Most novelists have many of the same excuses. Though it’s now acceptable for women to publish novels, it can be awkward to admit you're writing another novel when you haven't published your first one. We’re luckier than Jane, in that we have word processors, laptops, and other technology to help us. What we don’t have is time. It takes ingenuity and sacrifice to fit writing into a busy schedule. And, like Jane, we can easily fall victim to discouragement. The moral of Jane Austen’s story for me is this: Write anyway.

Comments

  1. Thanks for this. I'm posting that picture of Jane's little writing table to my Facebook wall. Maybe it will remind me not to be such a Prima Donna about my own "requirements" to write.

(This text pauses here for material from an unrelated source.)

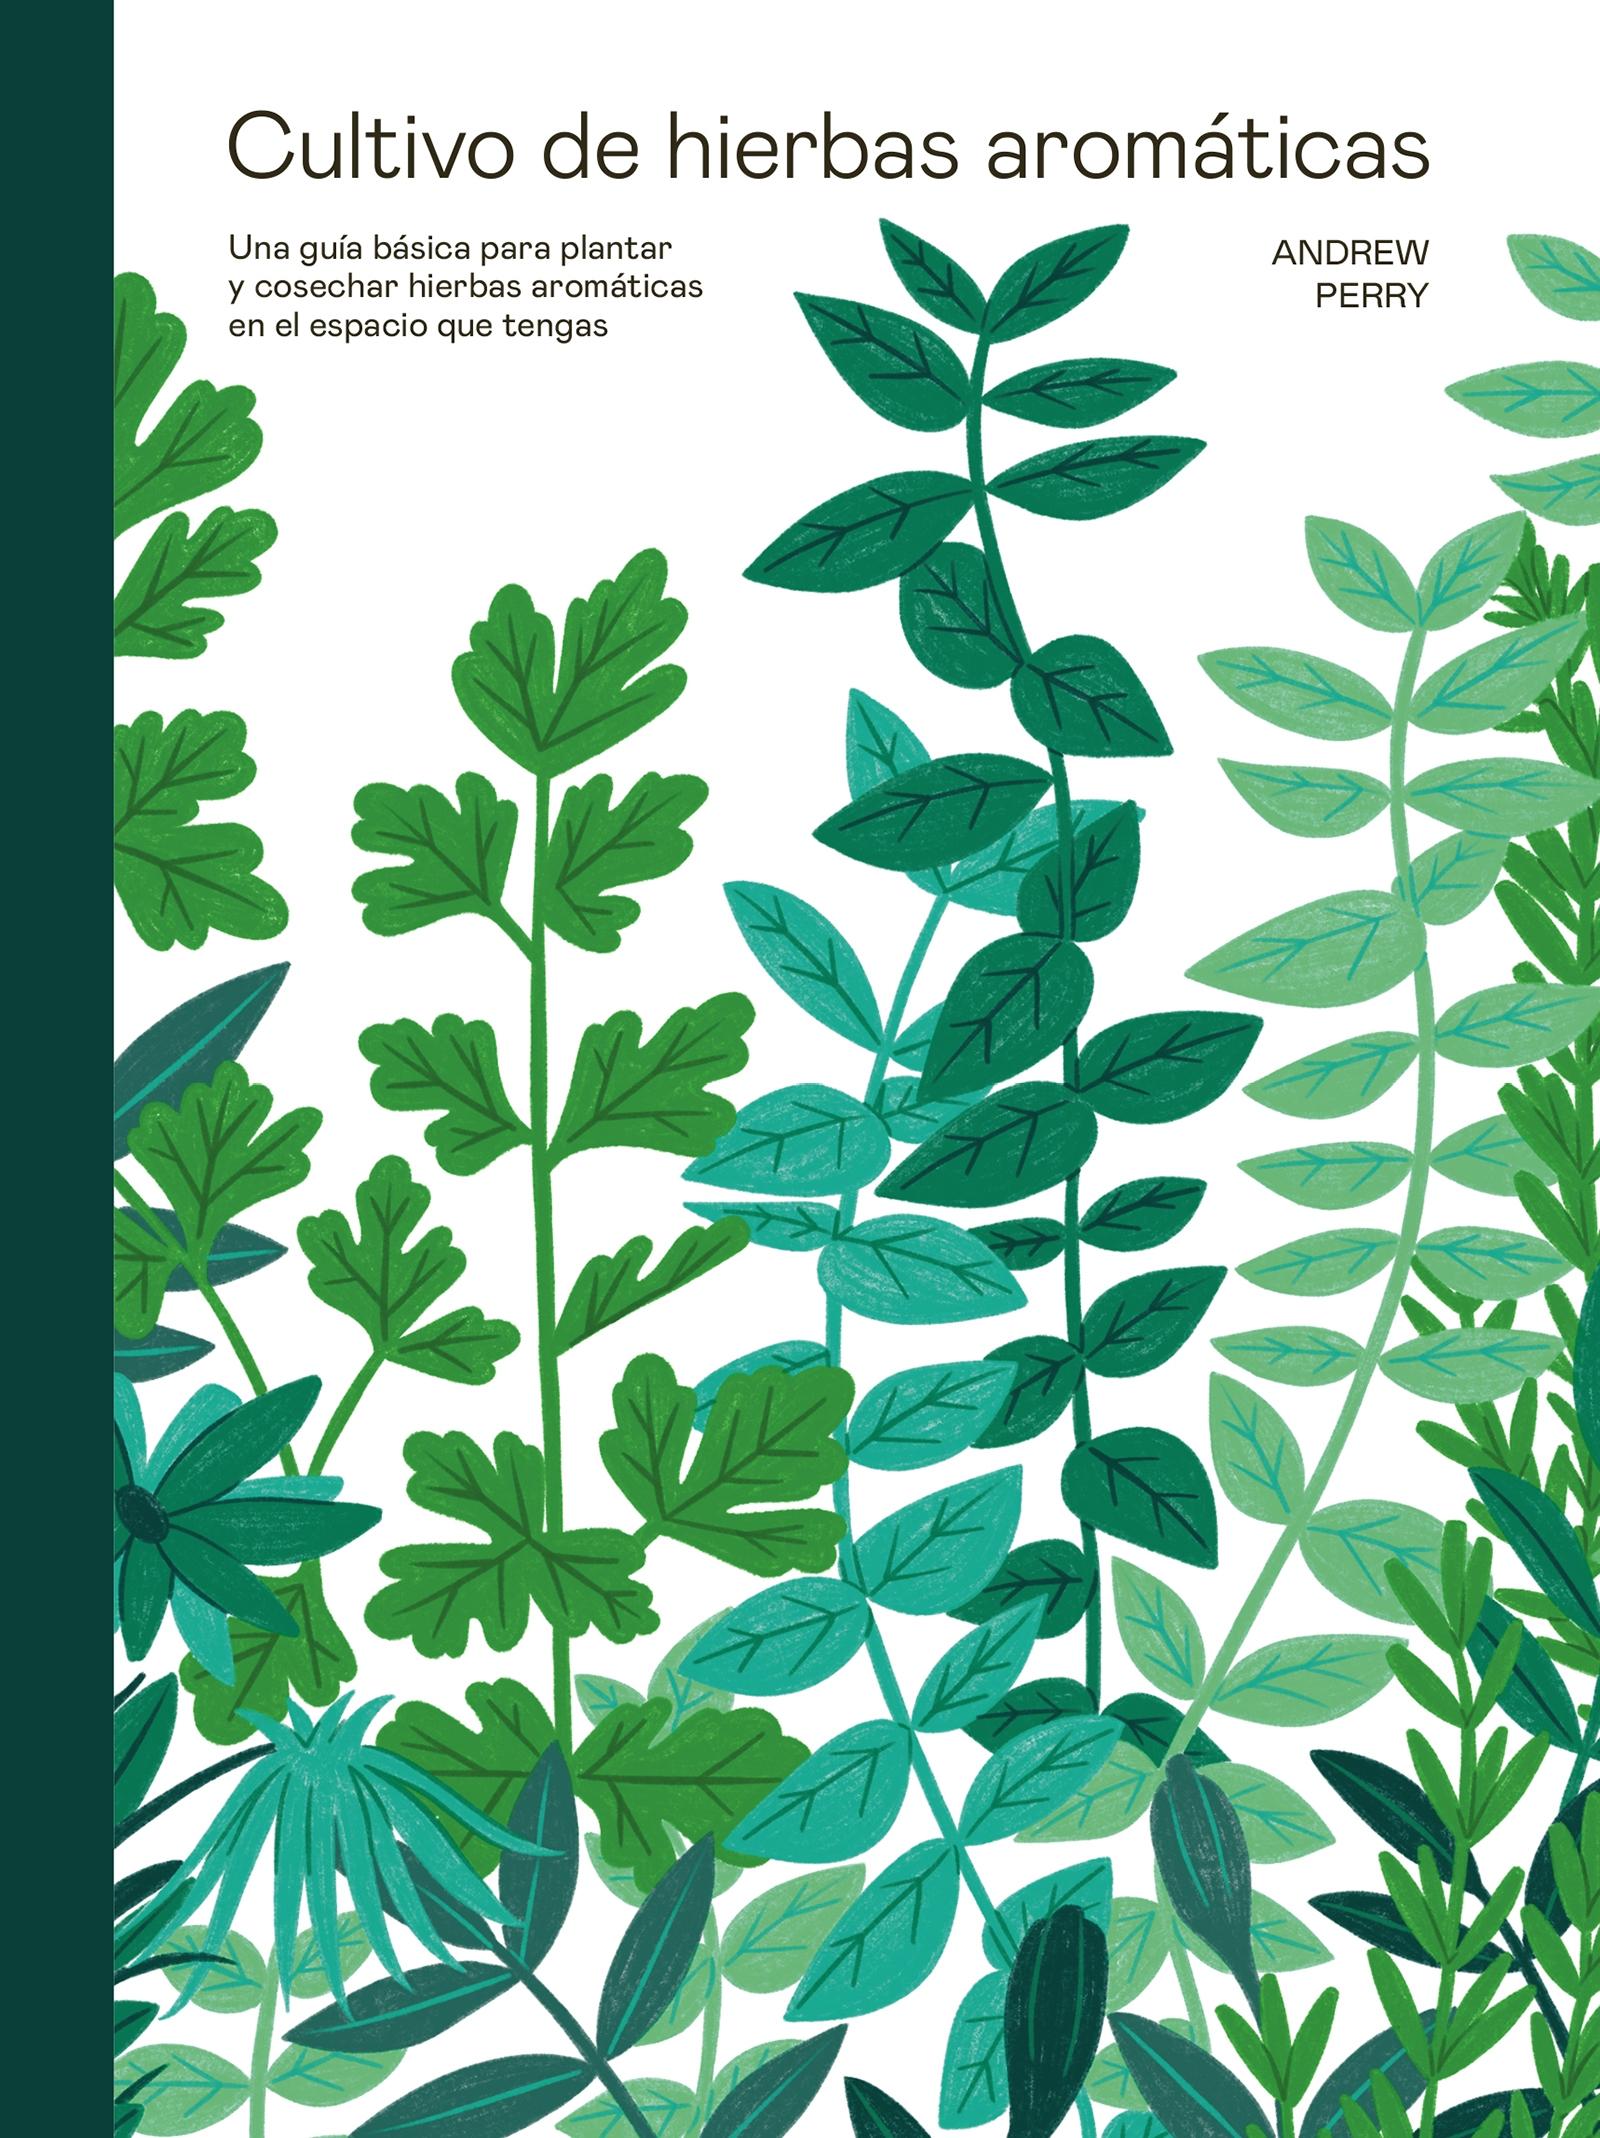 Cultivo de hierbas aromáticas "Una guía básica para plantar y cosechar hierbas aromáticas en el espacio"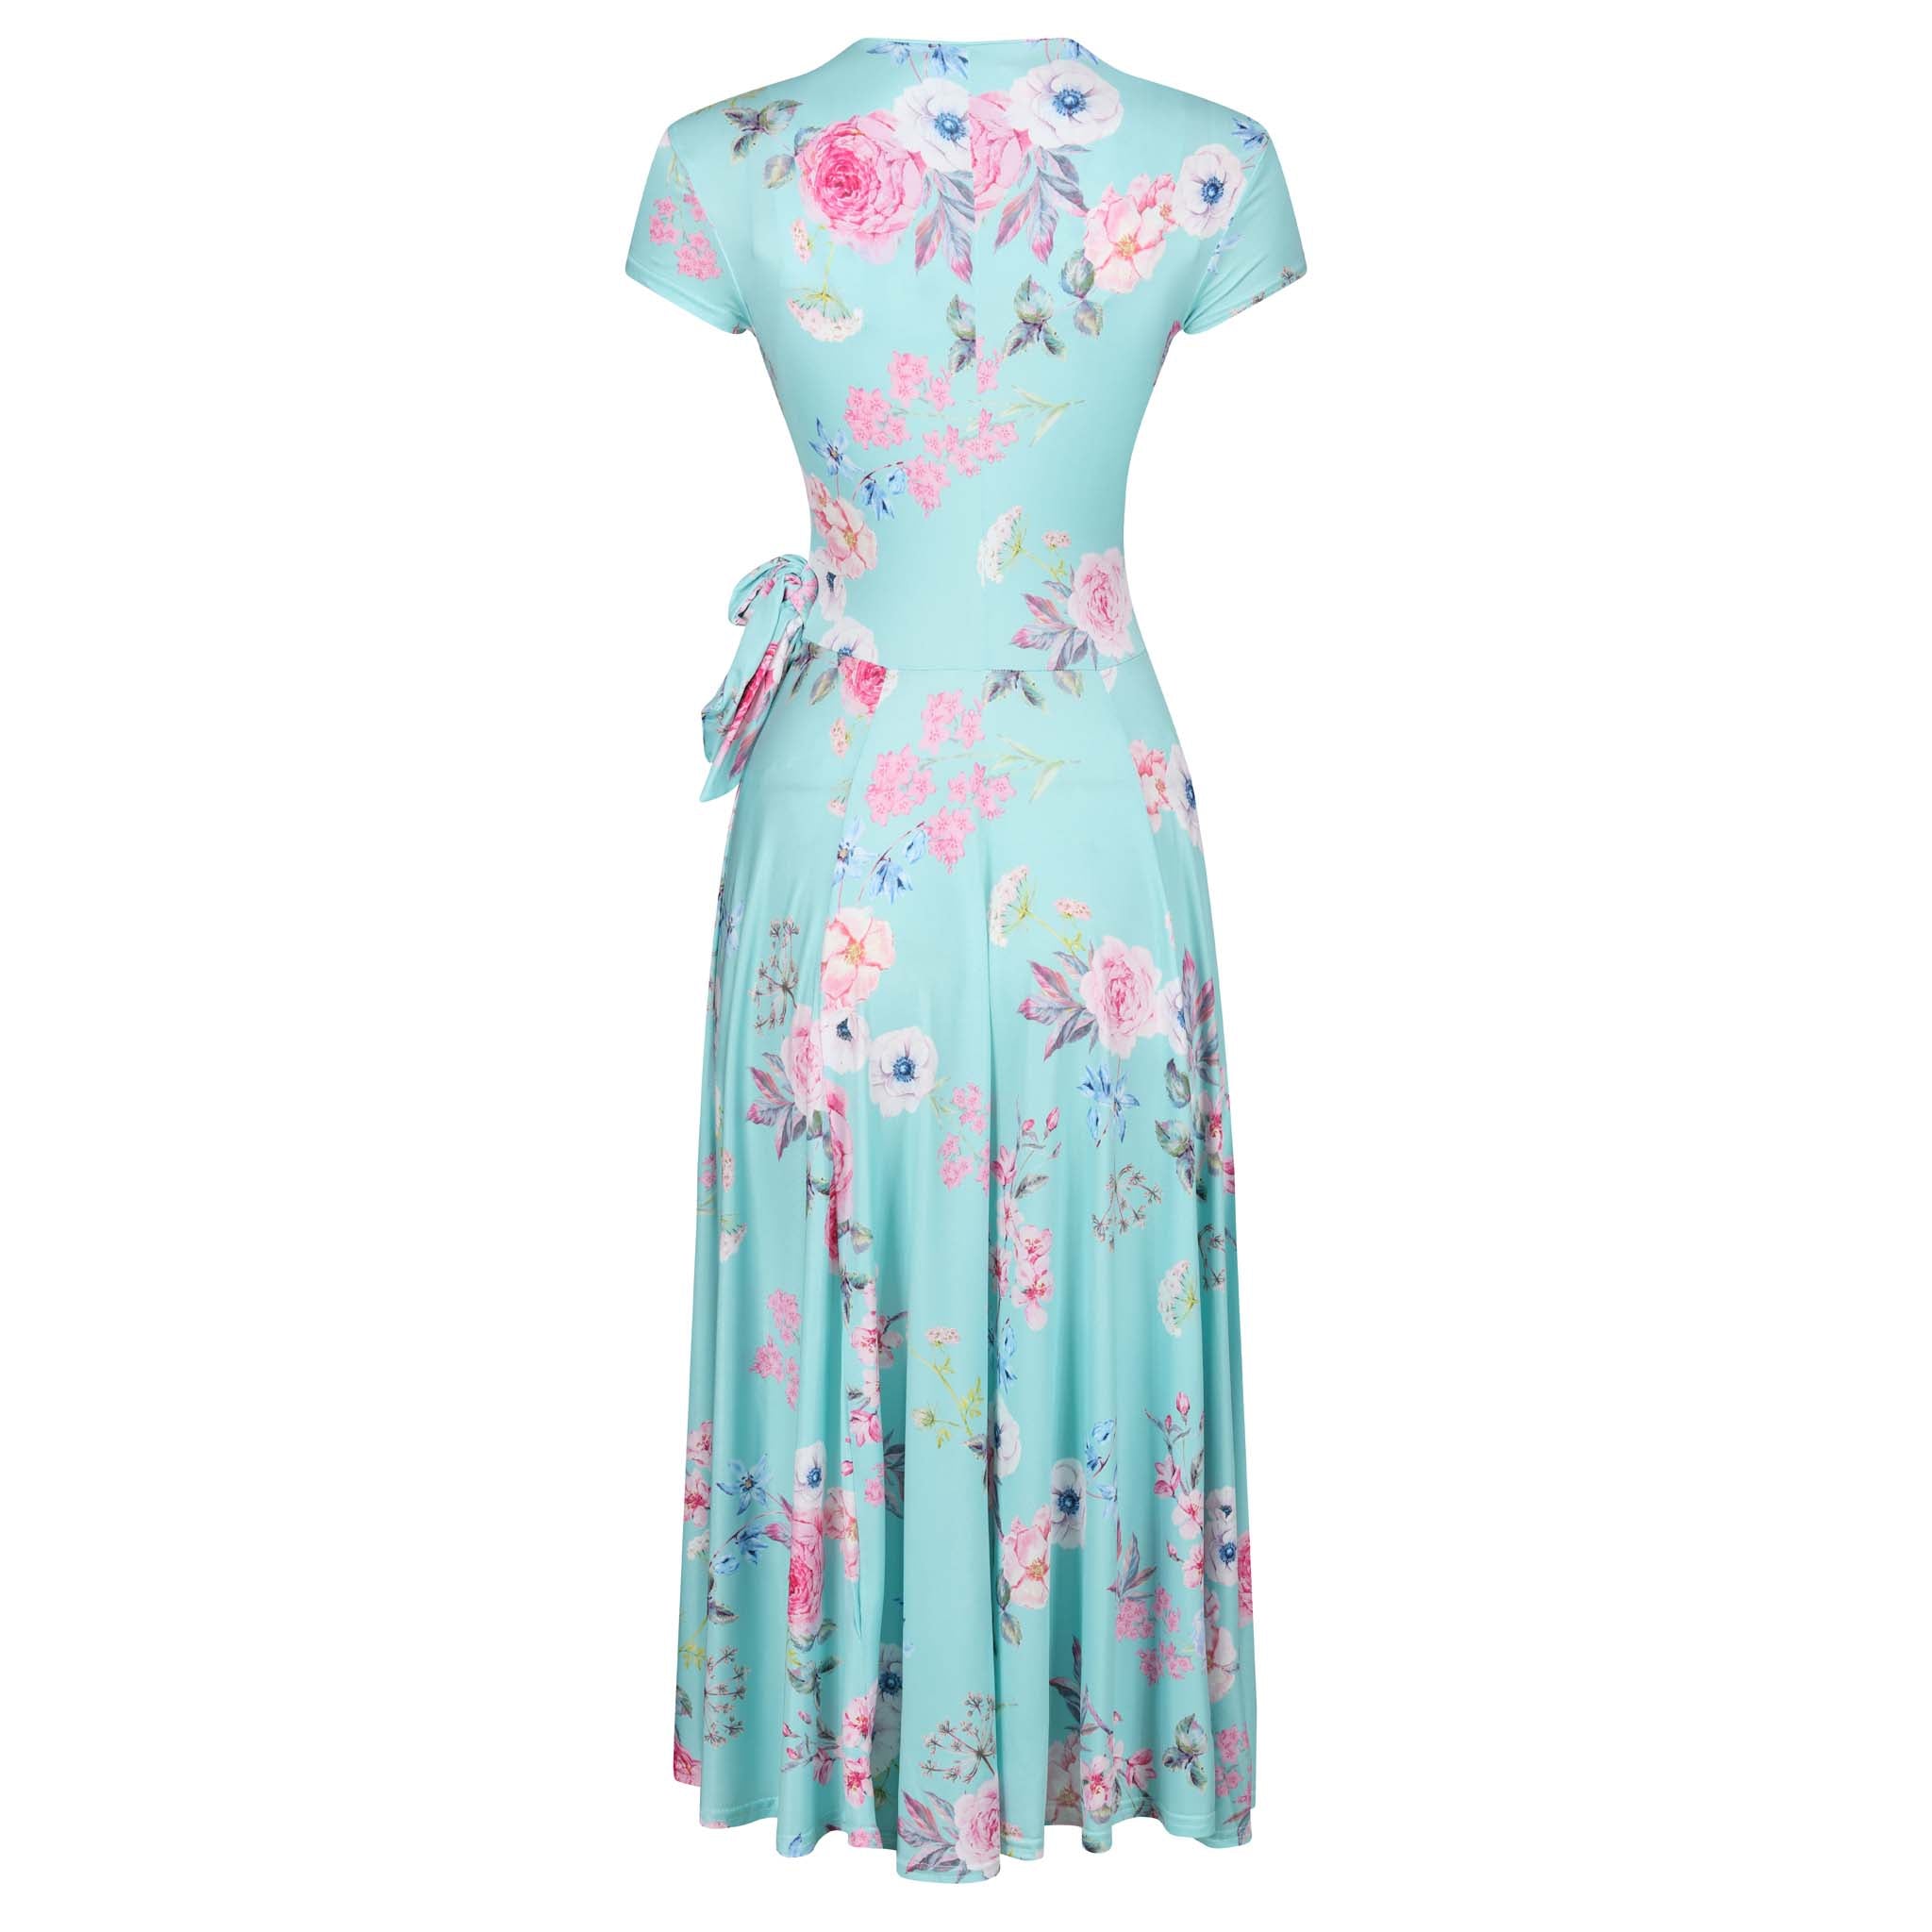 Aqua Mint Floral Print Cap Sleeve Crossover Top Swing Dress

    Funny how good we writers are about manufacturing reasons we can't "write anyway." Too hot, too cold, too noisy, too quiet, need coffee, too much coffee. There seems to be this huge reluctance to just sit down and let our brains focus on this one story/chapter/poem. It involves a sort of surrender to a part of ourselves set apart from the everyday. Once we get past this initial obstacle, the getting quiet, the words tend to come on their own, as if they were waiting there the whole time!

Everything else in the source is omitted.